2 Alzo toog David derwaarts op, als ook zijn twee vrouwen, Ahinoam, de Jizreelietische, en Abigail, de huisvrouw van Nabal, den Karmeliet.
3 Ook deed David zijn mannen optrekken, die bij hem waren, een iegelijk met zijn huisgezin; en zij woonden in de steden van Hebron.
4 Daarna kwamen de mannen van Juda, en zalfden aldaar David tot een koning over het huis van Juda. Toen boodschapten zij David, zeggende: Het zijn de mannen van Jabes in Gilead, die Saul begraven hebben.
5 Toen zond David boden tot de mannen van Jabes in Gilead, en hij zeide tot hen: Gezegend zijt gij den HEERE, dat gij deze weldadigheid gedaan hebt aan uw heer, aan Saul, en hebt hem begraven.

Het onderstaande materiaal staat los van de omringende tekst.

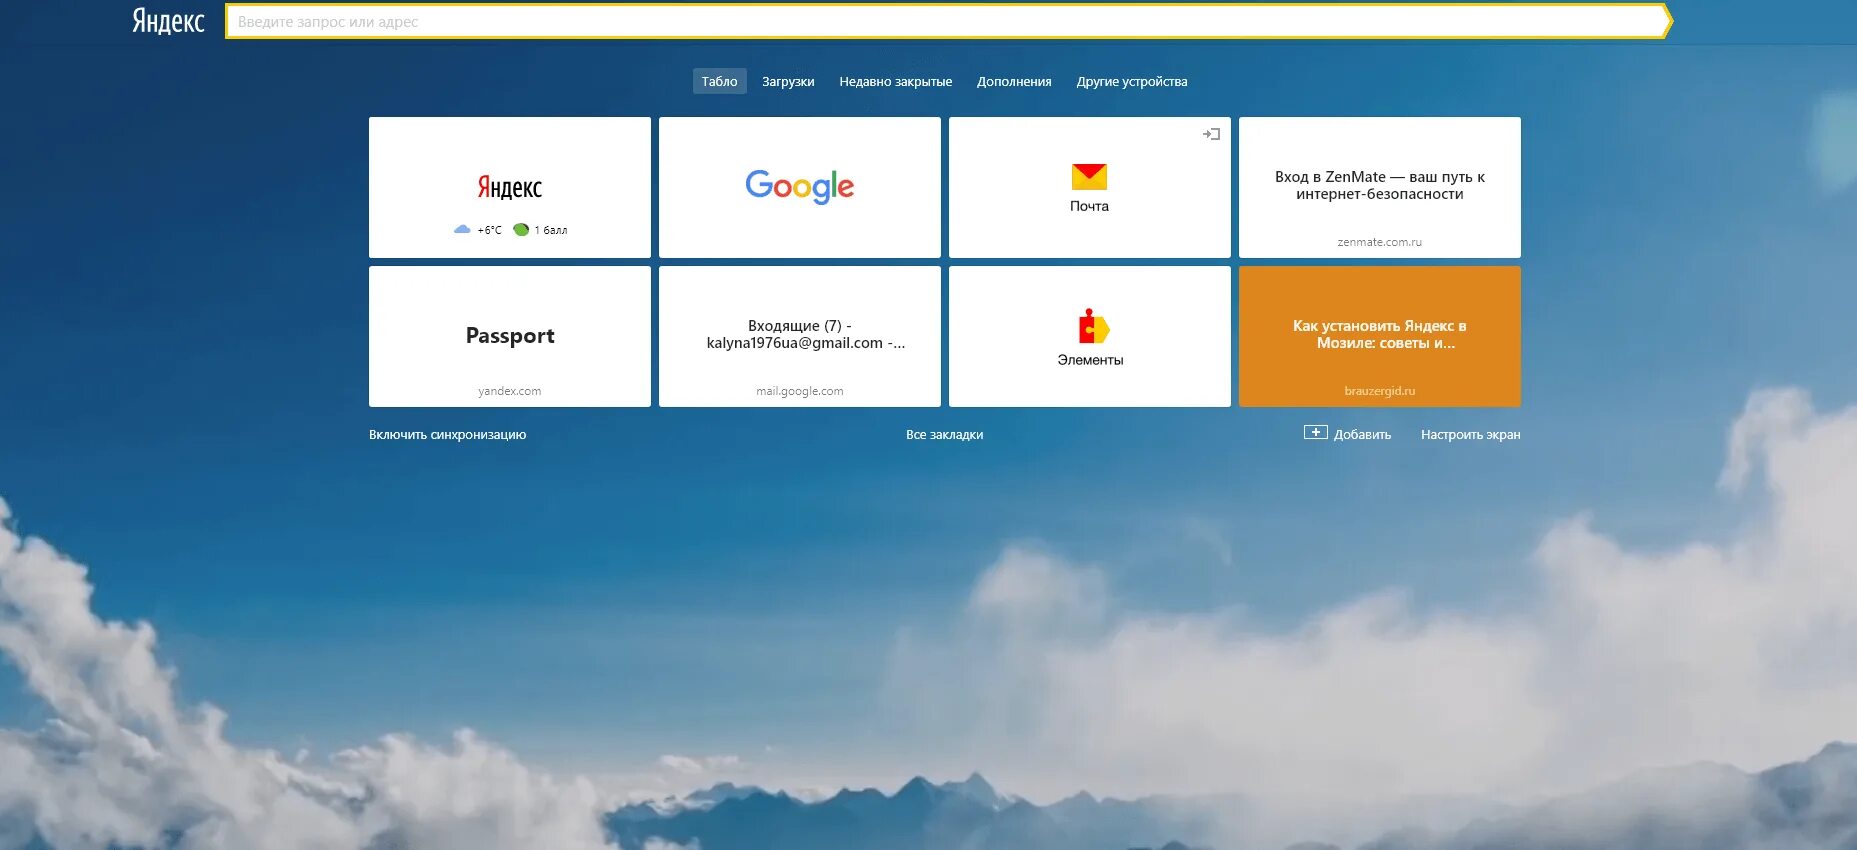 Как настроить фон. Яндекс темы. Темы для Яндекс браузера. Тема на Яндекс страницу. Изменить фон в Яндекс браузере.

6 Zo doe nu de HEERE aan u weldadigheid en trouw! En ik ook, ik zal aan u dit goede doen, dewijl gij deze zaak gedaan hebt.

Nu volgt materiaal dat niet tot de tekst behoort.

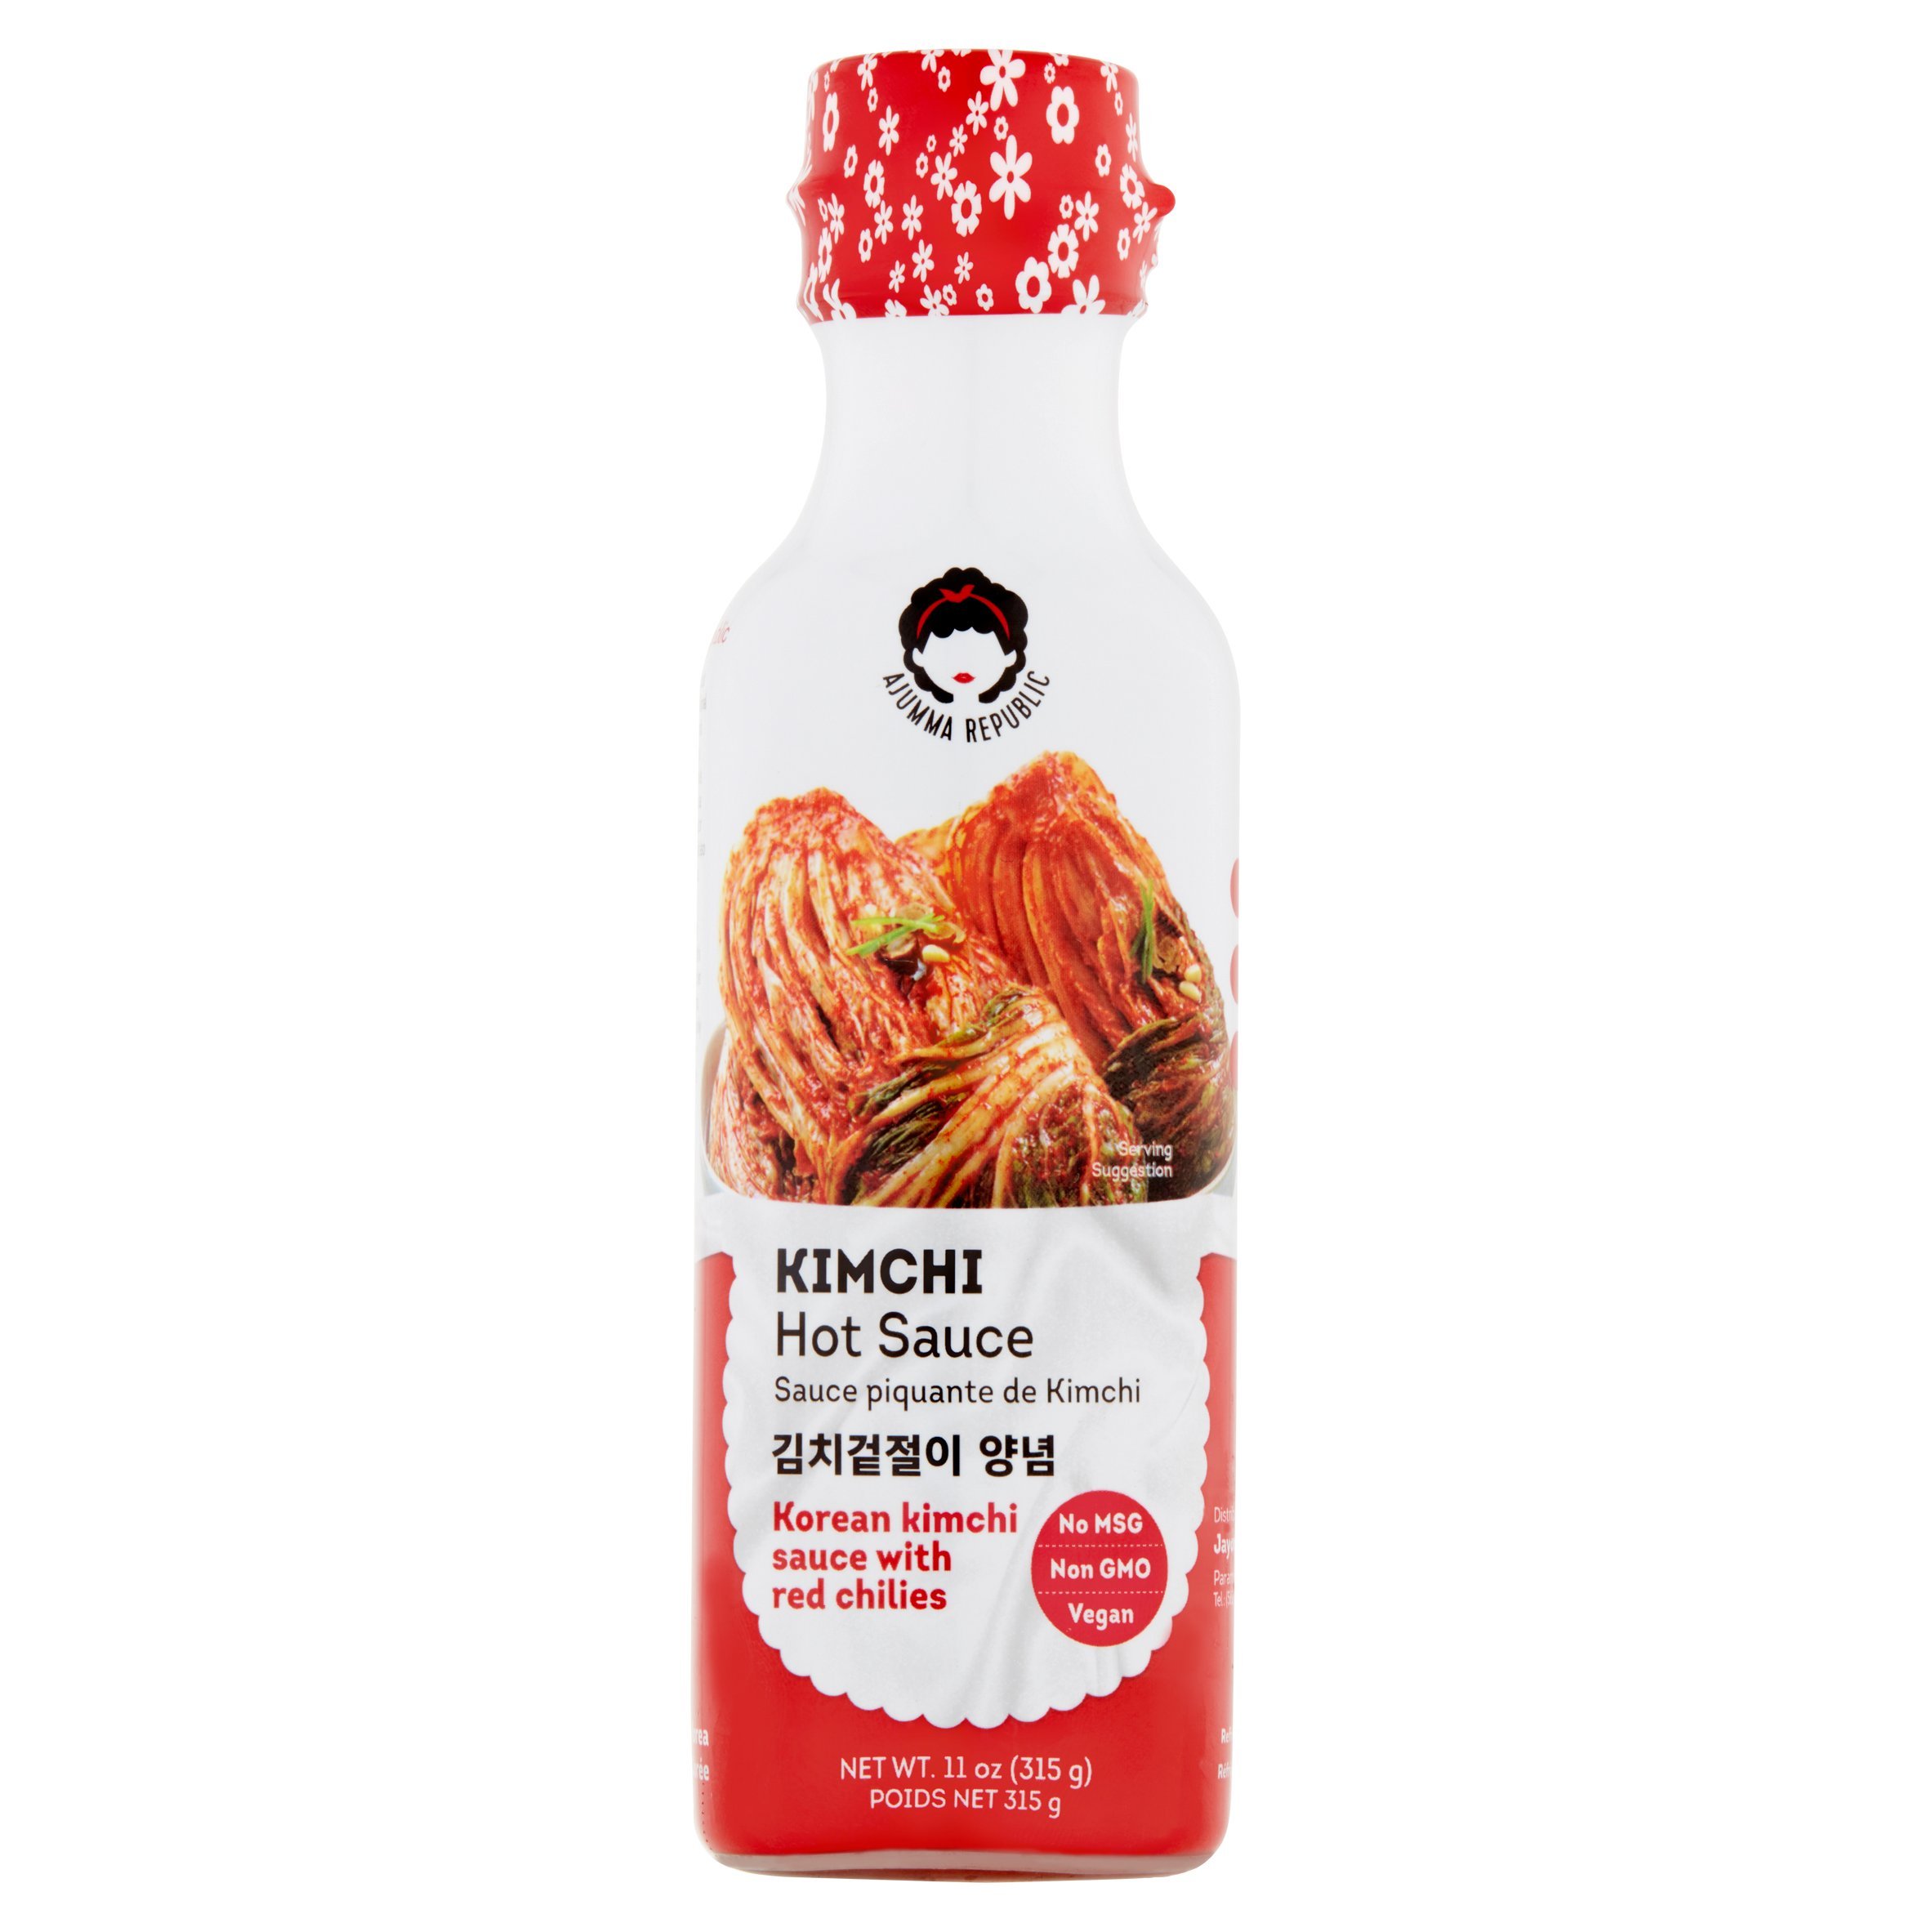 Kimchi загородный. Ajumma Republic Kimchi. KANIMORY соус кимчи. Соус кимчи бейс. Рыбный соус для кимчи.

7 En nu, laat uw handen sterk zijn, en zijt dapper, dewijl uw heer Saul gestorven is; en ook hebben mij die van het huis van Juda tot koning over zich gezalfd.
8 Abner nu, de zoon van Ner, de krijgsoverste, dien Saul gehad had, nam Isboseth, Sauls zoon, en voerde hem over naar Mahanaim,
9 En maakte hem ten koning over Gilead, en over de Aschurieten, en over Jizreel, en over Efraim, en over Benjamin, en over gans Israel.
10 Veertig jaren was Isboseth, Sauls zoon, oud, als hij koning werd over Israel; en hij regeerde het tweede jaar; alleenlijk die van het huis van Juda volgden David na.
11 Het getal nu der dagen, die David koning geweest is te Hebron, over het huis van Juda, is zeven jaren en zes maanden.
12 Toen toog Abner, de zoon van Ner, uit, met de knechten van Isboseth, den zoon van Saul, van Mahanaim naar Gibeon.
13 Joab, de zoon van Zeruja, en de knechten van David, togen ook uit; en zij ontmoetten elkander bij den vijver van Gibeon; en zij bleven, deze aan deze zijde des vijvers, en die aan gene zijde des vijvers.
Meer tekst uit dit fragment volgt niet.